WHAT IS NEEDED: A word-for-word retyping of the listing below is required, with the pictures dropped.

DATA EXTRACT:
....

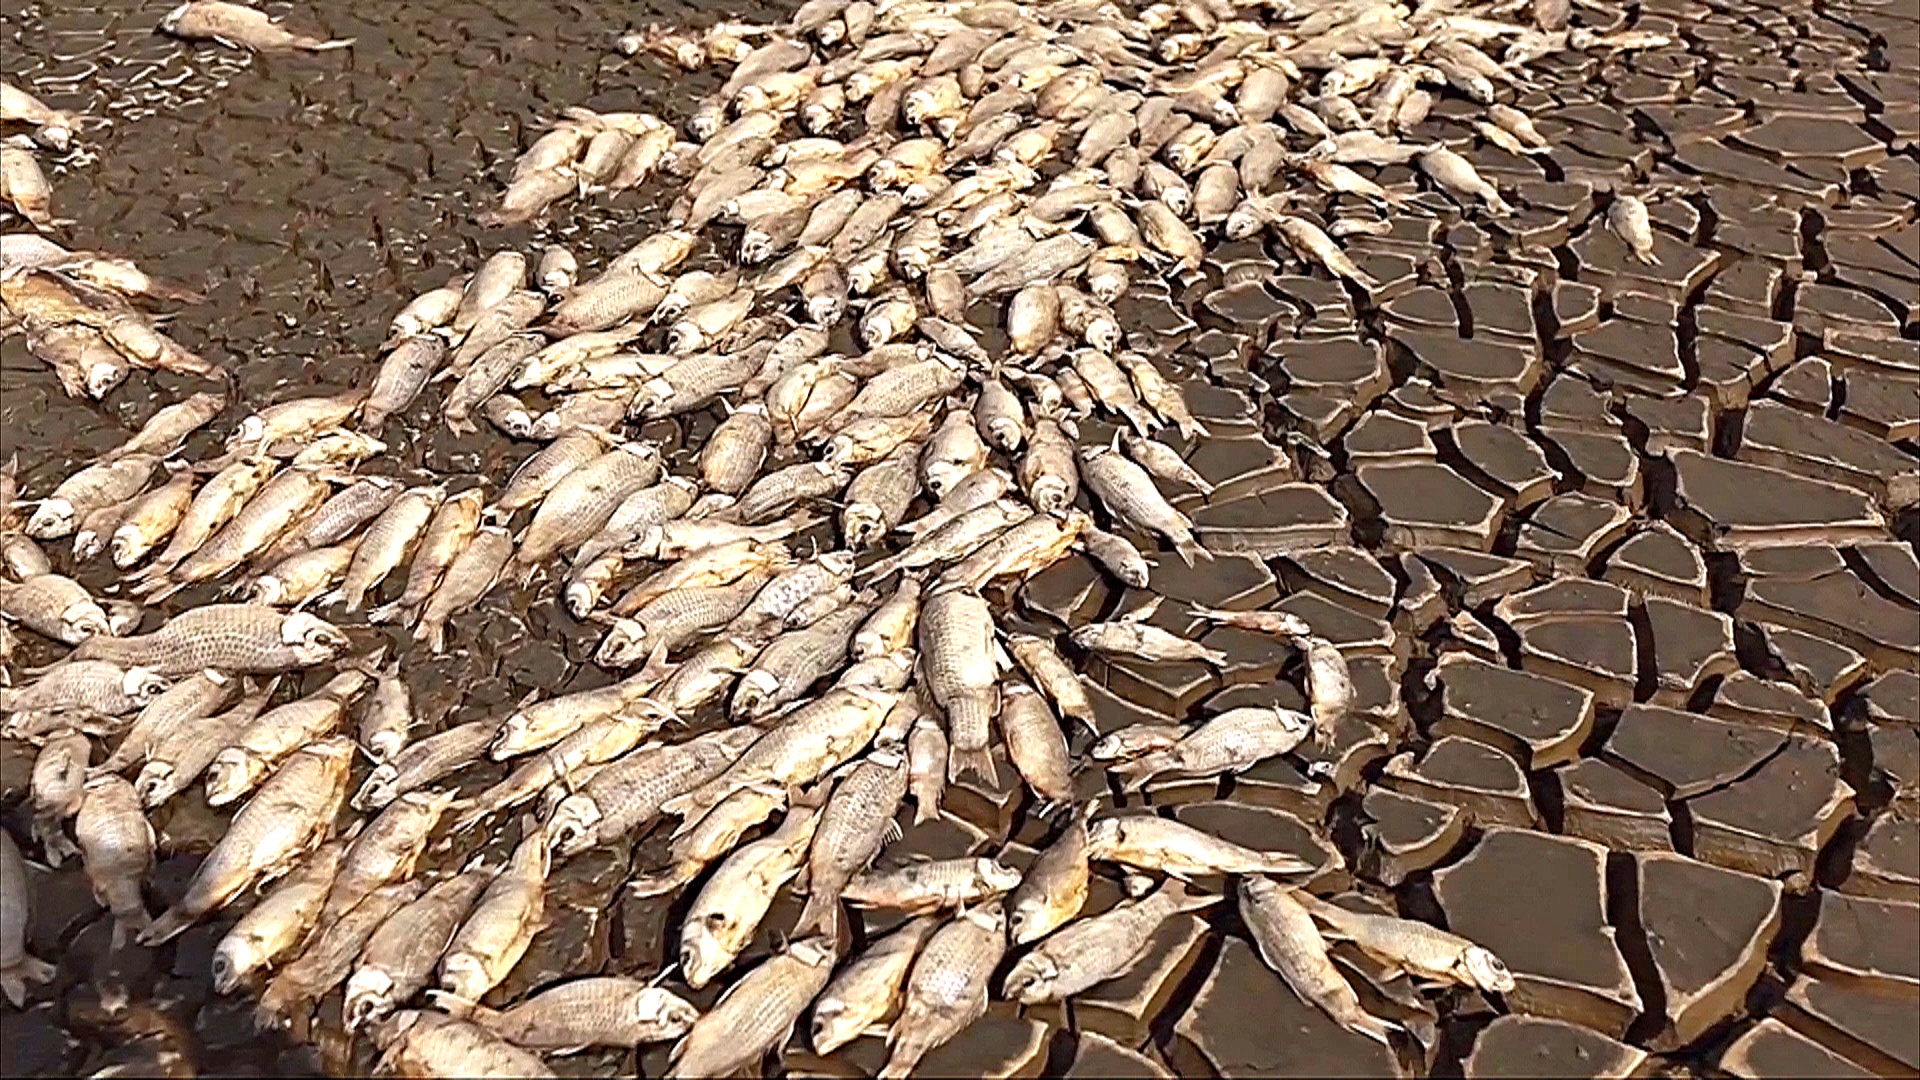 Мёртвая рыба заполнила берега лагуны в Мексике
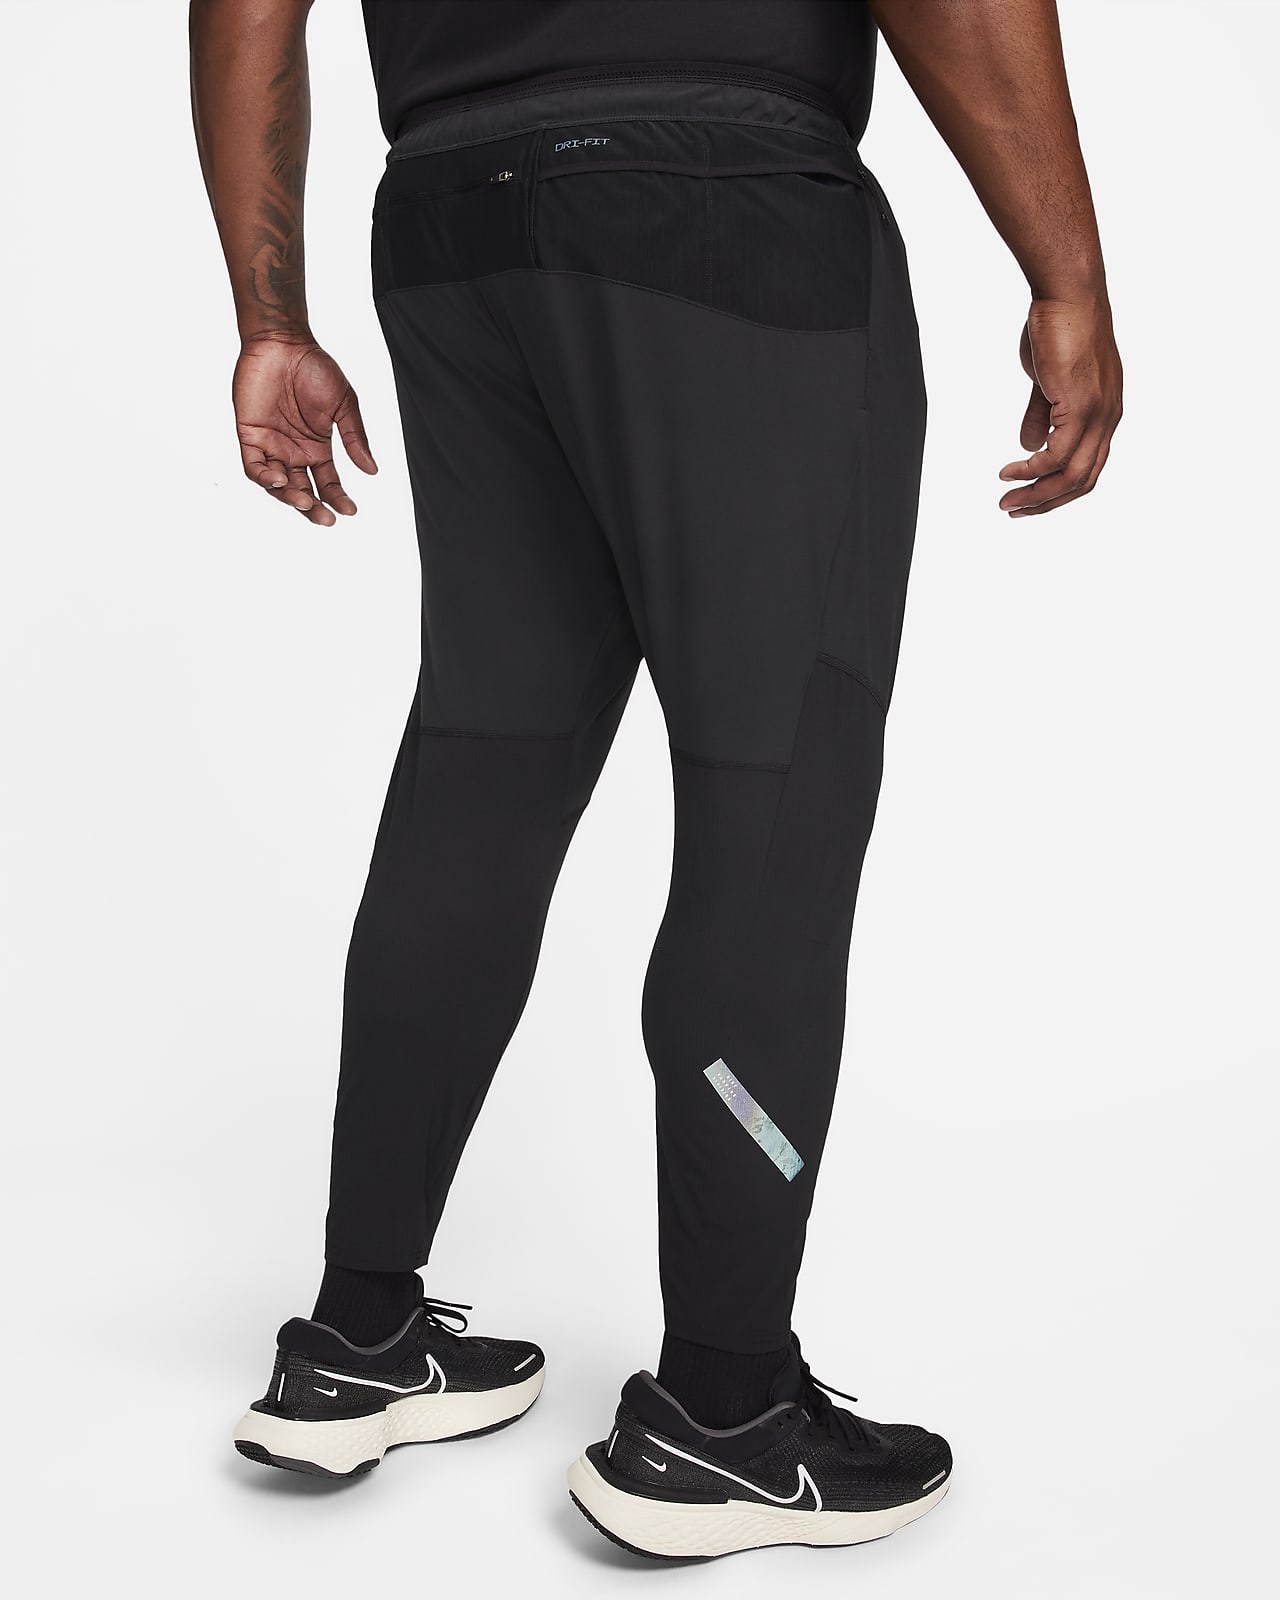 Men's Dri-FIT Running Trousers & Tights. Nike LU
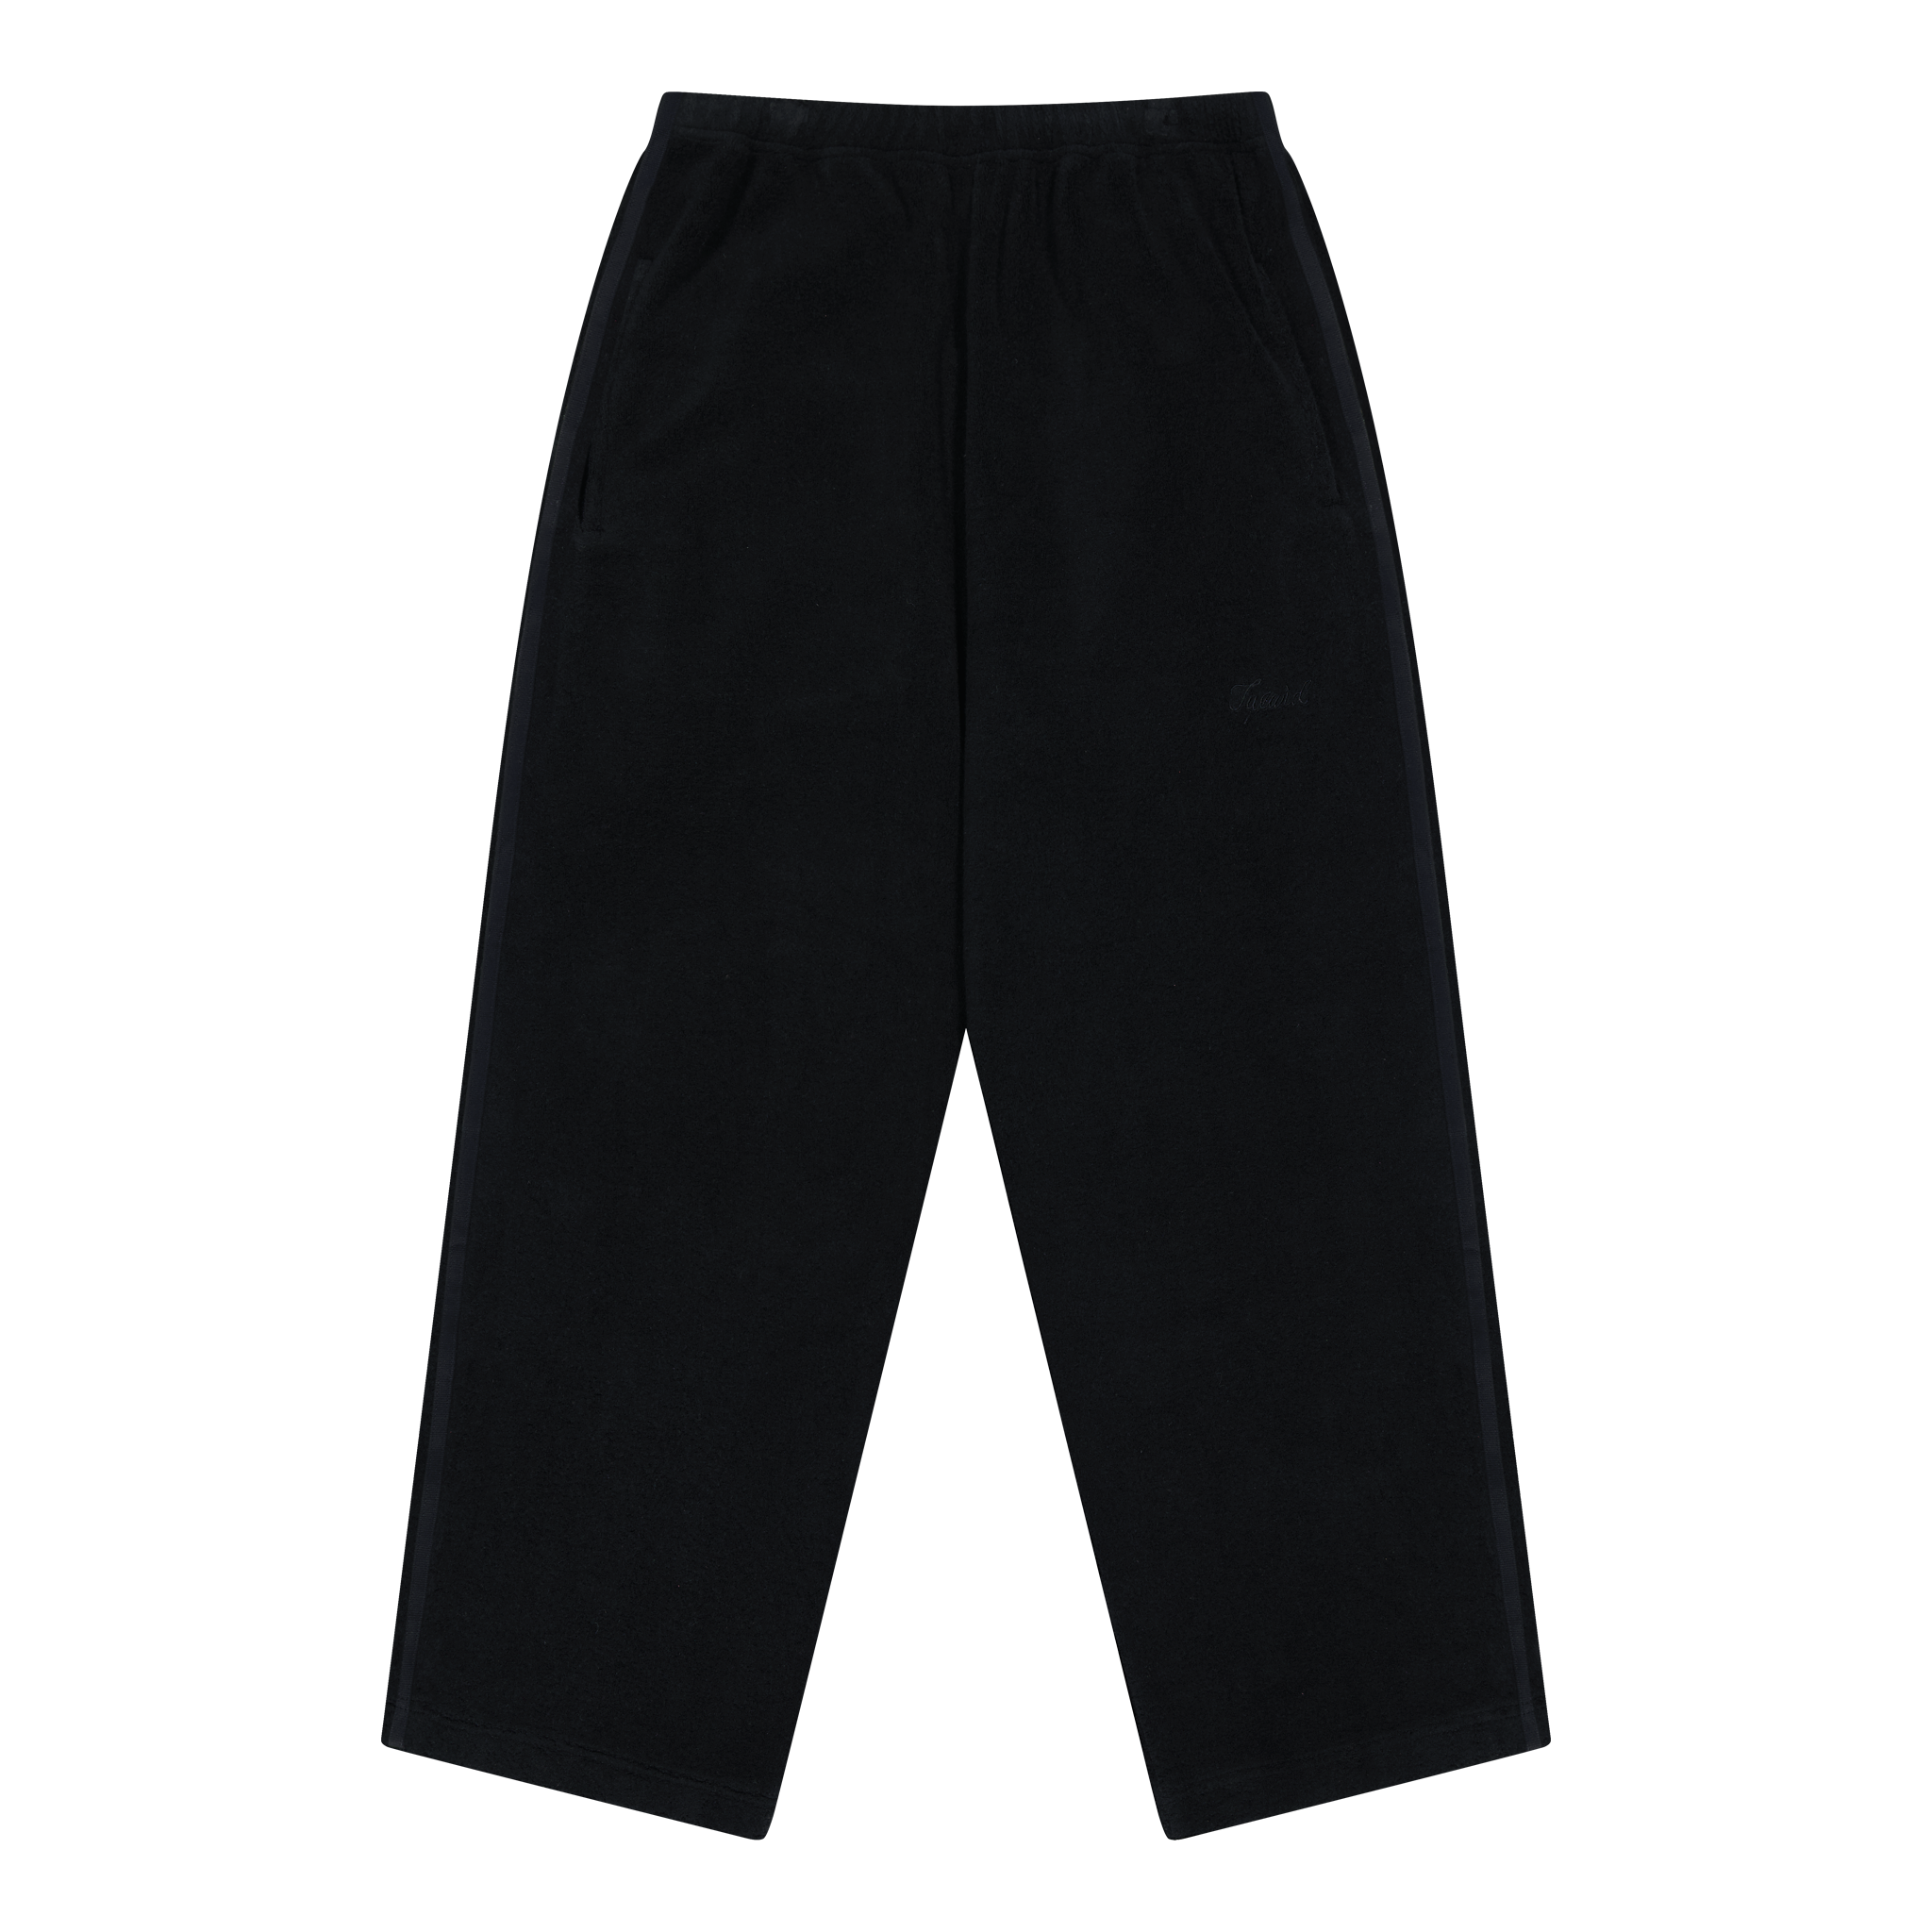 Tuewid retro sweatpants wide fit in black/black

....

RESULT FOR THIS TASK:
 Мёртвая рыба заполнила берега лагуны в Мексике
 Men's Dri-FIT Running Trousers & Tights. Nike LU
 Tuewid retro sweatpants wide fit in black/black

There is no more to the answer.